Я настолько увлекся рассматриванием моего гостя, что не сразу понял, как тот что-то бормочет в маску и постепенно все дальше и дальше отдаляется от двери.


– Простите, я не совсем понимаю, что вы…


– Я врач. – громко выпалил он и смущенно тут же умолк, явно дивясь соей смелости. – Ваш врач, – уже на тон тише повторил он. – Я слышал, что вы заболели и решил прийти и осмотреть вас, если вы позволите.


– Конечно! Что же это я? Проходите, пожалуйста. – Мне показалось, или маленький врач споткнулся?


Пропуская доктора вперед себя, я заметил, что одна его штанина чуть подвернута, а вторая чем-то испачкана. В руках он держал старенький-престаренький портфельчик, из которого выглядывали разноцветные папки и файлы.

Робко замерев у входа в мою скромную обитель, врач поставил портфель на пол, в уголке, и затравленно оглянулся на меня.


– Да вы присаживайтесь. – И кое-как, сломав сопротивление моего неожиданного врачевателя и устроив его на стуле, я приготовился к осмотру.


Каково было мое удивление, когда доктор тщательно осмотрел меня. Давление было измерено, пульс, сахар, ощупан живот и прослушаны легкие – я получил такой осмотр, который даже не видел на медкомиссиях. А их в моей жизни было немало. И столько в его глазах было участия, и столько заботы, что мне стало неловко от собственного кашля, на который врач участливо хлопал меня по руке, грозил кому-то невидимому пальчиком и приговаривал:


– Ну, ничего-ничего. Сейчас мы его.


И я правда стал верить, что я способен одолеть любую болезнь.


По окончании осмотра Иларий Азадович достал из портфеля папку, в которой была еще одна маленькая папка, и выудил чистый рецепт. С любовью глядя на него и аккуратно выводя каждую букву, он выписал мне антибиотик и торжественно вручил его:

– Вот и все, дорогой мой. Теперь мы его этим и ему…– и как резанёт воздух рукой, что мне показалось, как мой вирус упал в предсмертных конвульсиях передо мной.

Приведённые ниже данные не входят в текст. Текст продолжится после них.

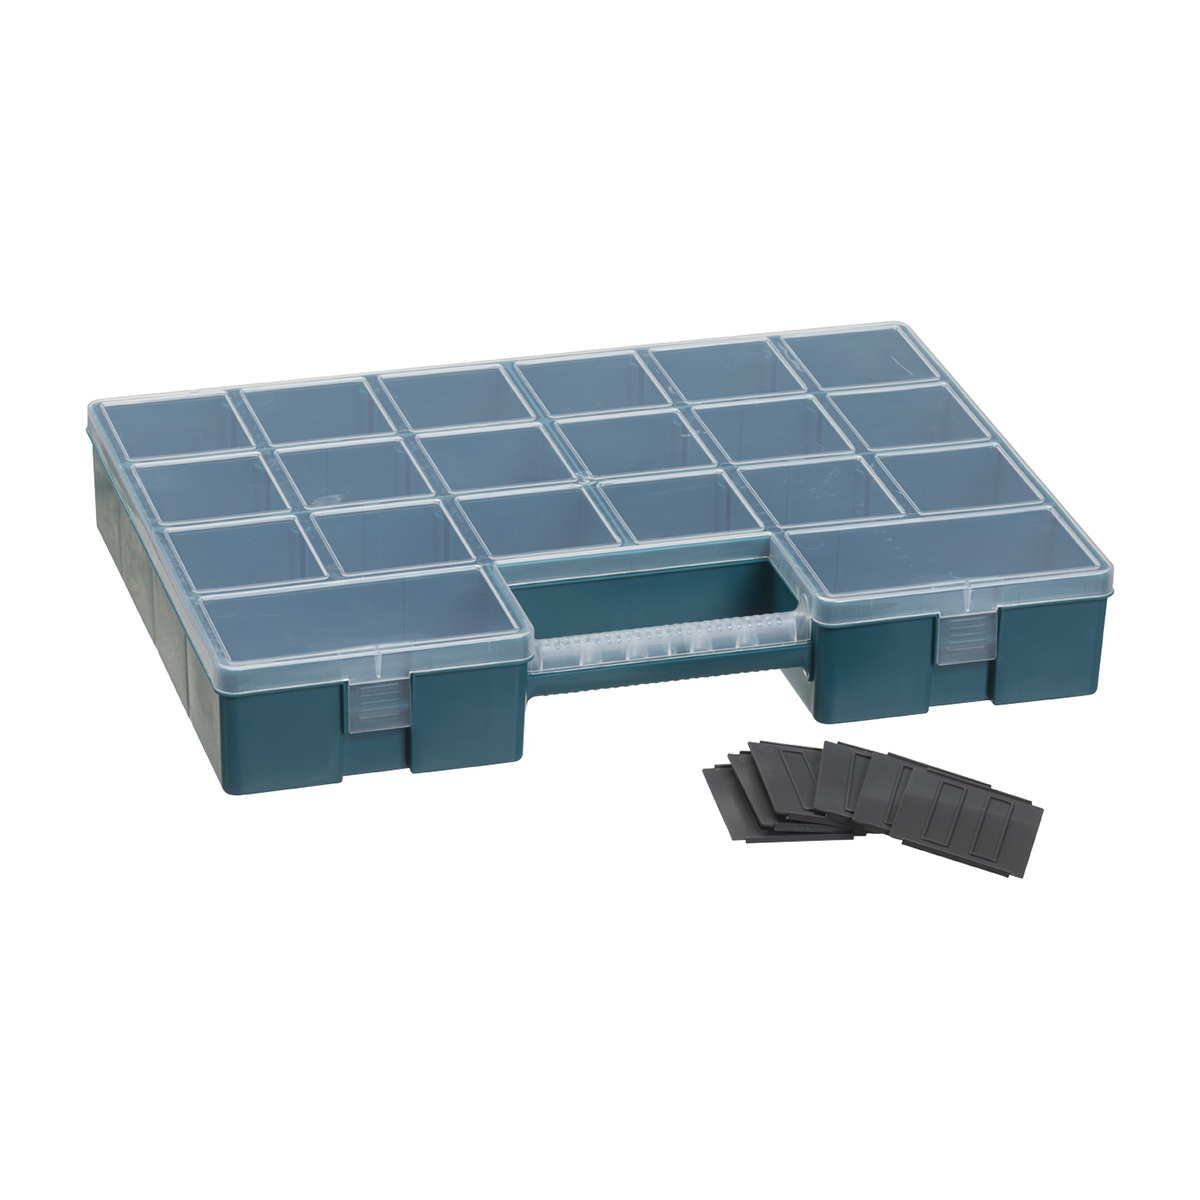 Luxor, Hobby Box w/12 inserts - Plast Team

С благоговением держа в руках спасительный рецепт и глядя на него снизу-вверх, я понял, за что его так ценят и любят некоторые пациенты. В его робкой фигуре скрывался истинный человек, который боялся быть замеченным, потому что, ой, как не любят в последнее время таких вот – «человеков».


– Спасибо вам, доктор. Большое спасибо!


Он смущенно покраснел и что-то попытался возразить.

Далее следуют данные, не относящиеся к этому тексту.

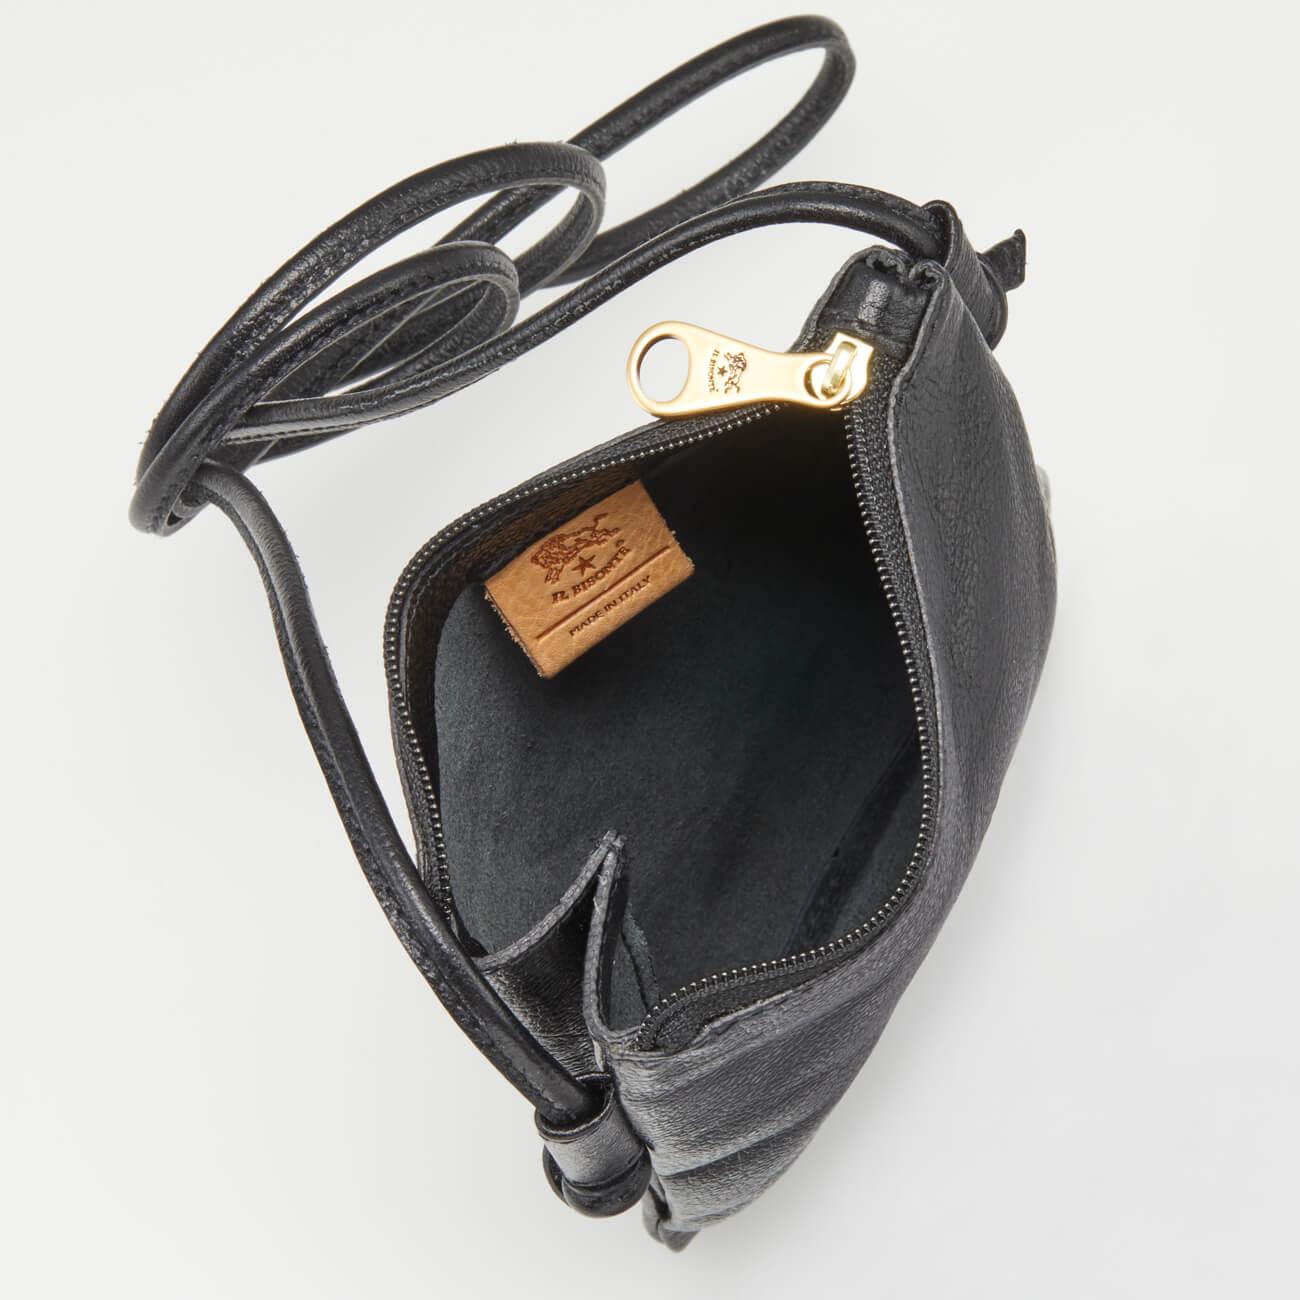 IL BISONTE (イル ビゾンテ) 日本公式オンラインストア ショルダーバッグ 54192305210

– Нет, право, берегите себя, доктор. Вы нам нужны.


Врач мой вздрогнул, как будто бы от удара, и быстро-быстро стал моргать. Попрощавшись со мной, он попытался стрелой вылететь из квартиры, чтобы я не заметил. Чего? Слезы, в его глазах стояли слезы… Я заметил.


Вот ответьте, мне, дорогие мои читатели, что делается-то в мире, если от доброго слова мы сглатываем слезы? Если от доброго слова мы бежим? Если мы перестали уважать другу друга и себя? Если мы боимся поверить, что кому-то нужны?